The CarbonNet Project

Diagram showing carbon capture and storage.

The CarbonNet Project (CarbonNet) is investigating the potential for establishing a commercial-scale carbon capture and storage (CCS) network. The network would bring together multiple carbon dioxide (CO2) capture projects in Victoria's Latrobe Valley, transporting CO2 via a shared pipeline and injecting it into deep underground, offshore storage sites in Bass Strait (figure 1).

CCS involves capturing CO2 released by industrial processes, compressing it and then transporting it to an injection site to be sequestered deep underground for safe, long term storage in suitable geological formations – similar to the way oil and gas has been stored underground for millions of years.

CCS is being investigated as part of a suite of solutions with the potential to mitigate greenhouse gas emissions and help address climate change. Both the International Energy Agency and Intergovernmental Panel on Climate Change believe that CCS can play an important role in helping to meet global emission reduction targets.

Why Gippsland?

CarbonNet is investigating the potential for CCS in Gippsland as the region is widely recognised as a world-class location offering significant potential for CCS. The offshore Gippsland Basin has been found to have the highest technical ranking of 25 major basins across Australia and the largest storage potential of any east coast basin (2009 National Carbon Task Force).

The project is exploring the potential to initially capture and store up to five million tonnes of CO2 per year.

Successful implementation of this project could be the starting point for an expanding commercial scale carbon transportation and storage system, enabling new industries and a significant reduction in carbon emissions in Victoria.

Work to date

Since 2010 CarbonNet has completed extensive feasibility studies which have been subject to independent review and certification, including detailed modelling of potential CO2 storage sites.
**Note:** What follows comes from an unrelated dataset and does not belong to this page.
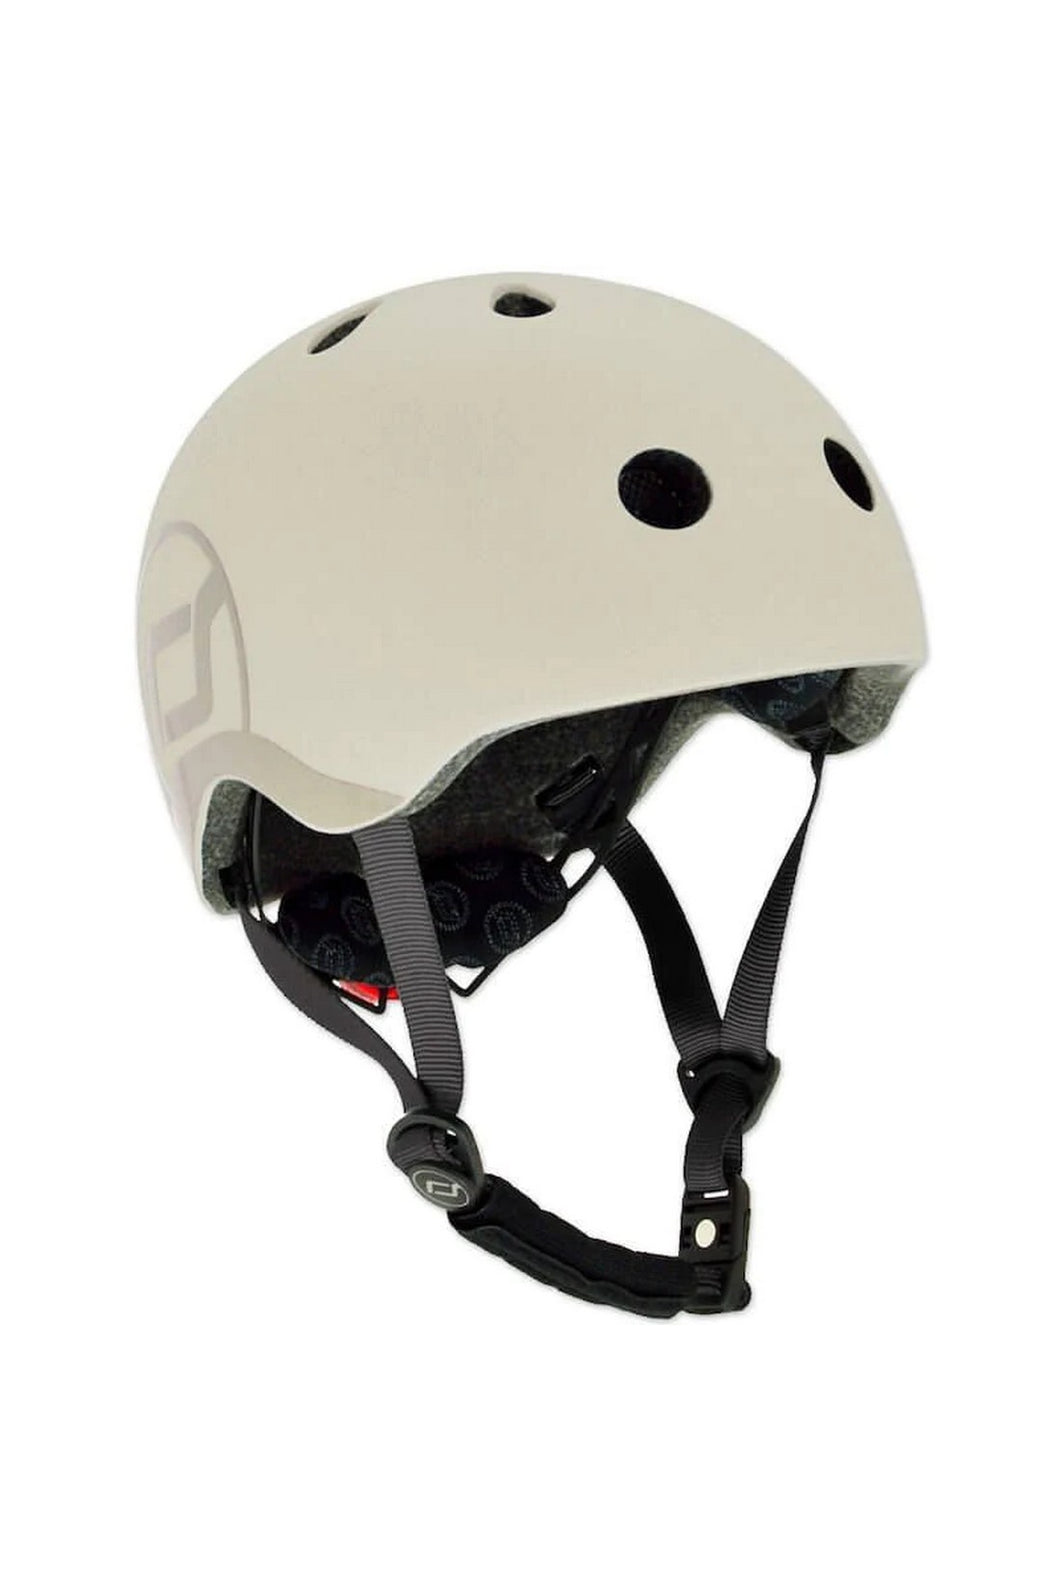 Scoot & Ride Led Helmet S-M (51-56 cm)

The project has also secured legal access to offshore sites enabling it to undertake further field activities to confirm the viability of those sites.
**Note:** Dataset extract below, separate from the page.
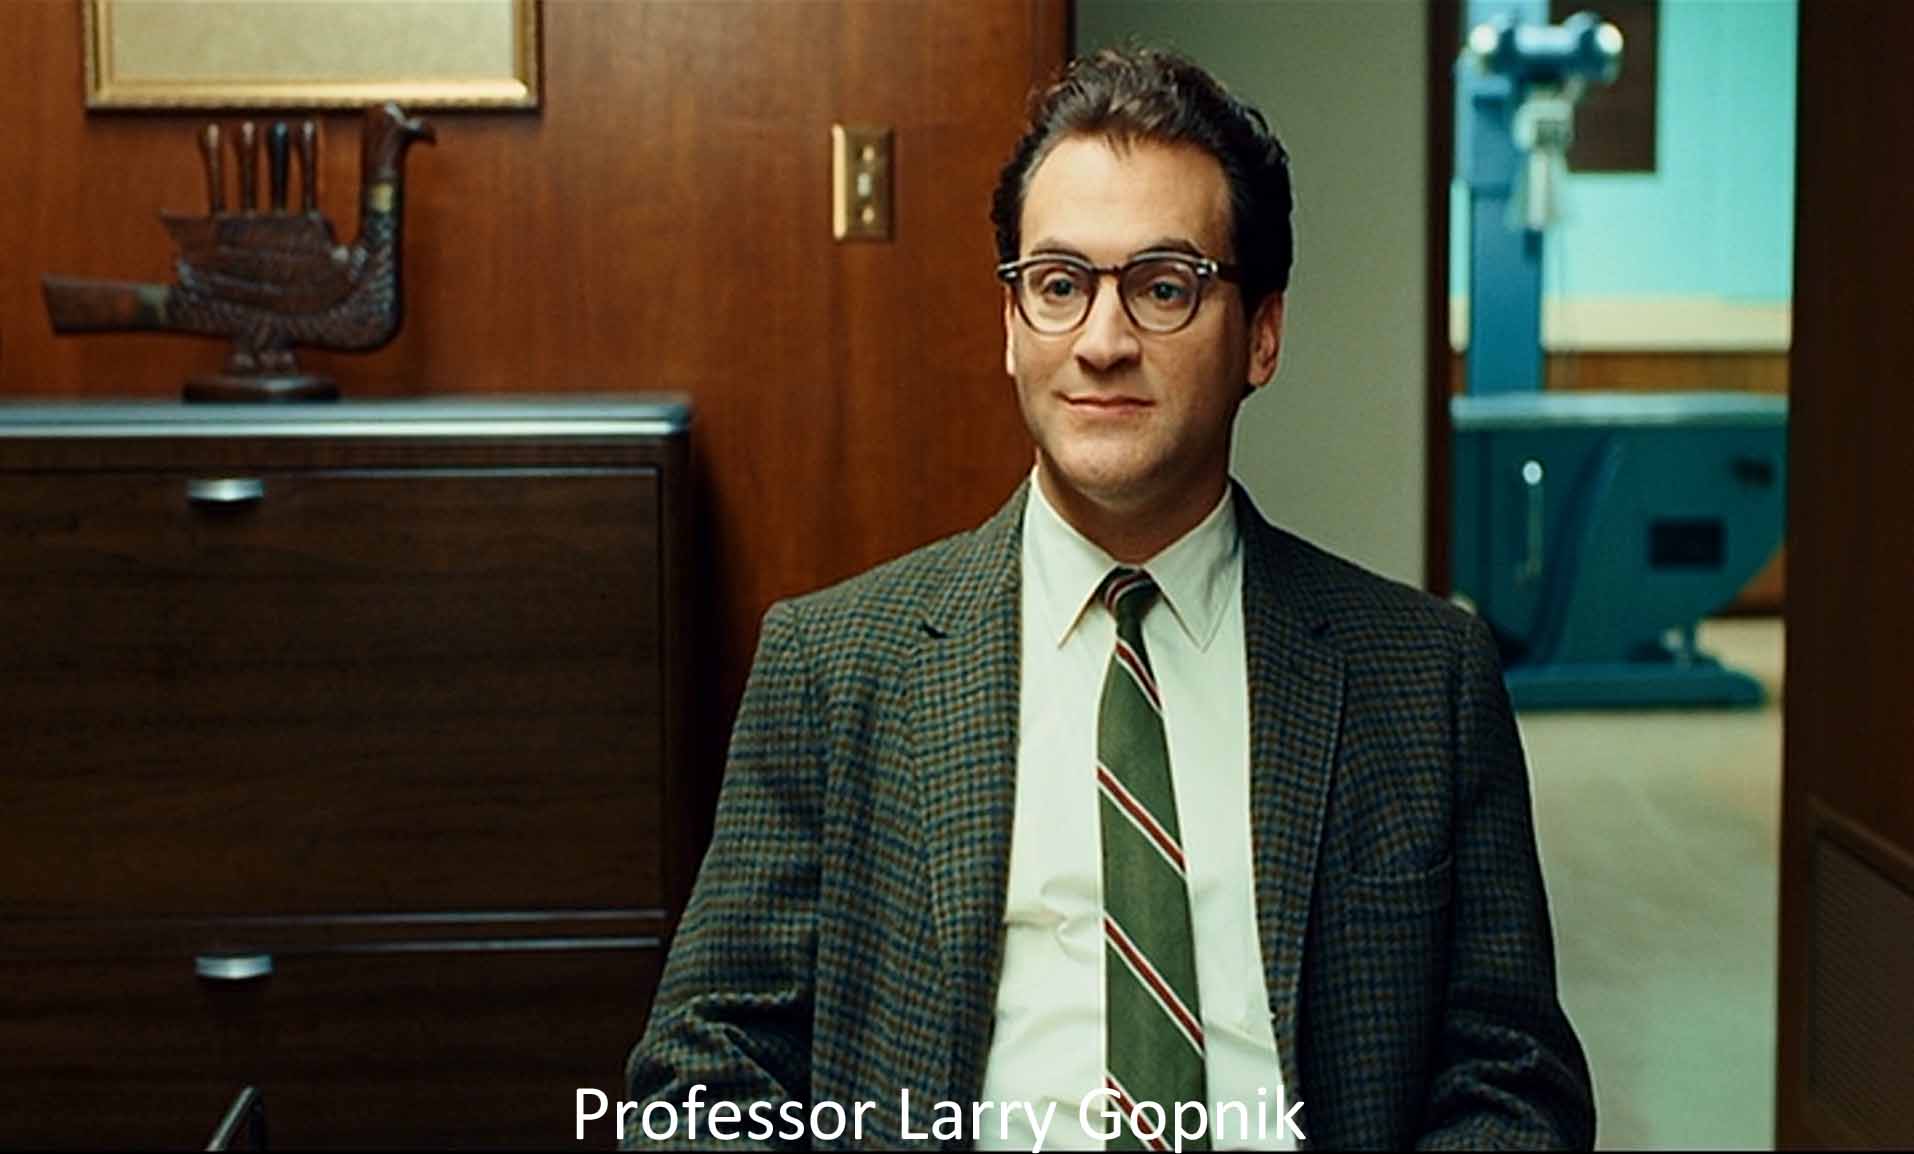 Professor Larry Gopnik

In early 2017 the Victorian and Commonwealth governments agreed to progress CarbonNet to Stage 3 – Project Development and Commercial Establishment (figure 2).

Project development

CarbonNet’s prioritised site, Pelican, is located offshore from Ninety Mile Beach in Bass Strait. In early 2018 a marine seismic survey was carried out to obtain additional geological information about Pelican, and an appraisal well is planned to be drilled in Commonwealth waters in late 2019/early 2020 to retrieve rock samples. The rock samples will allow scientists to confirm the properties of the rock which will form the 'cap rock' and hold the stored CO2 in place.

Field activities during Stage 3 will require extensive stakeholder consultation, regulatory and environmental approvals.

Diagram showing the process of the project. It has completed the concept and feasibility stages and is currently in the project development stage.

Commercial establishment

Along with the field activities, CarbonNet is continuing its investigations into potential industries that can capture CO2, and evaluating transport pipeline routes to the selected offshore injection site.

Defining the commercial structure and underlying principles to attract private sector investment is a key focus of this stage of the project.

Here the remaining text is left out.